An Opioid Lawsuit Smackdown – The Oklahoma Supreme Court shreds abuse of the ‘public nuisance’ tort.
Good timing. On the same day we told you about the abuse of “public nuisance” theory in opioid lawsuits, the Oklahoma Supreme Court tossed a $465 million judgment against Johnson & Johnson for allegedly creating a nuisance by manufacturing prescription opioids. Congratulations to J&J, a rare corporation that had the courage to fight back against this abusive litigation.
Former GOP Attorney General Mike Hunter, aided by campaign donors in the plaintiffs bar, sued J&J as well as Purdue Pharma and Teva Pharmaceuticals in 2017. The state demanded that the companies cough up tens of billions of dollars to “abate” the alleged public nuisance created by making and selling opioids.

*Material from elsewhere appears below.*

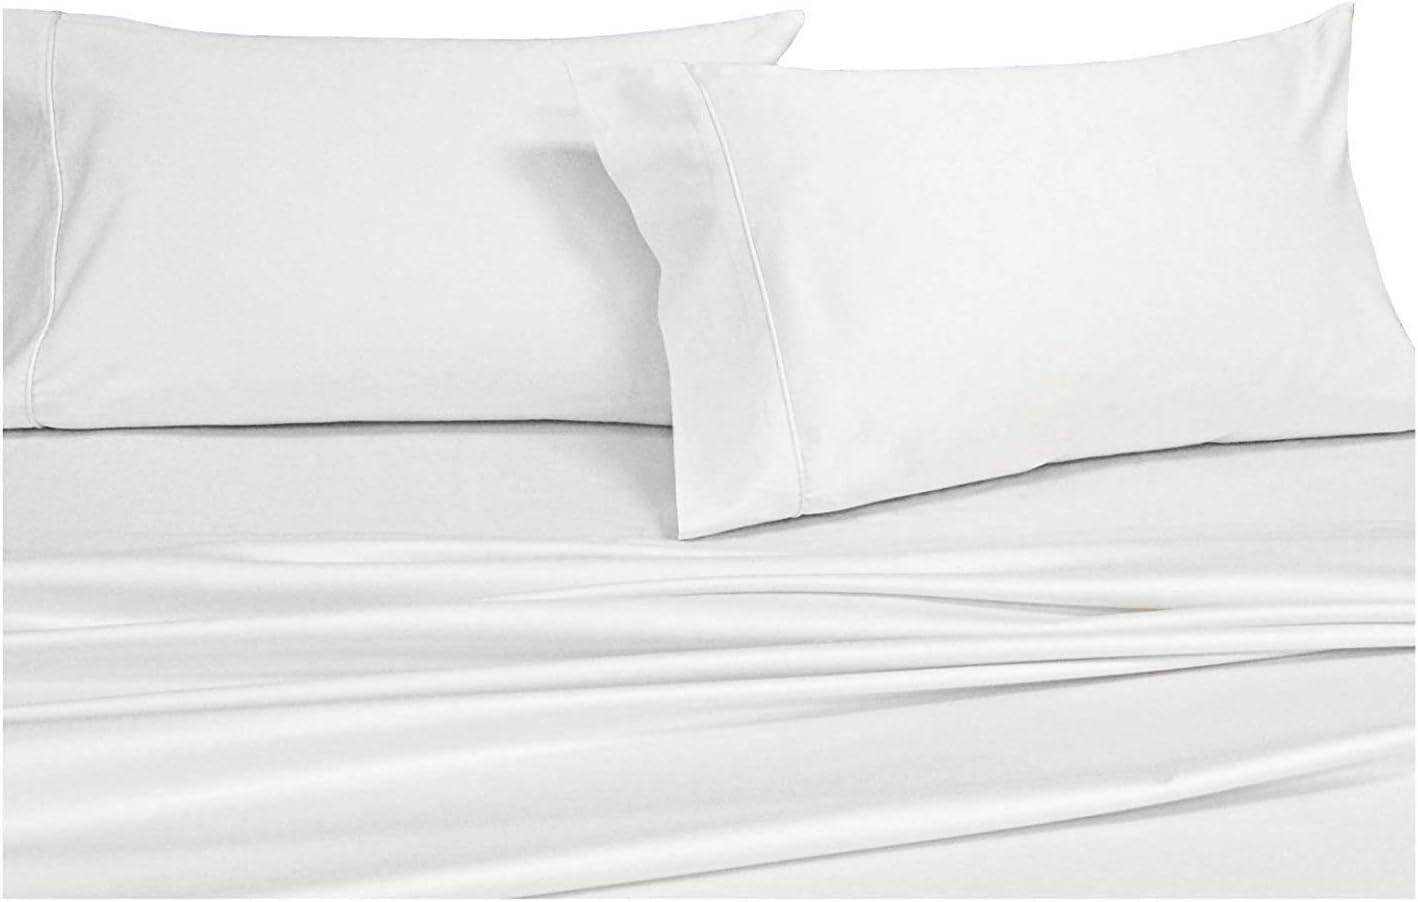 PLUSHY COMFORT Luxury Brand, Split King Sheet Set 5 Piece for Split King Bed Size Only,100 Percent Egyptian Cotton 600 Thread Count, White Plain

Purdue and Teva settled for a combined $355 million. Nearly $200 million of the Purdue settlement went to the Oklahoma State University Center for Health Sciences, which curiously hired Mr. Hunter’s son as a director of compliance not long before the settlement was announced. J&J was later criticized by some on Wall Street for not rolling over after state trial Judge Thad Balkman slapped it with a $465 million judgment.
Now J&J has been vindicated. Tuesday’s ruling by Oklahoma’s High Court is especially notable because it repudiates the abuse of “public nuisance” liability, which plaintiffs attorneys are employing around the country to shake down gun makers, oil and gas producers and other businesses progressives hate.
As the opinion for the 5-1 majority explains, public nuisance law originated in the 12th century as a criminal remedy to protect and preserve the rights and property shared by the public. It evolved into a common law tort that “covered conduct, performed in a location within the actor’s control, which harmed those common rights of the general public.”
For instance, an oil company could be sued for a spill that damages waterways. But the mere act of making or selling legal products “rarely cause a violation of a public right,” the majority writes, adding that manufacturers don’t have control of products once sold.
Under the trial court’s expansion of public-nuisance liability, businesses would “have no way to know whether they might face nuisance liability for manufacturing, marketing, or selling products, i.e., will a sugar manufacturer or the fast food industry be liable for obesity, will an alcohol manufacturer be liable for psychological harms, or will a car manufacturer be liable for health hazards from lung disease to dementia or for air pollution.”
The Justices stressed that addressing social problems like opioid addiction is the job of the legislative and executive branches, not the courts. That’s a useful reminder to judges who are tempted to loot companies under the trial bar’s ever-expanding theories of liability.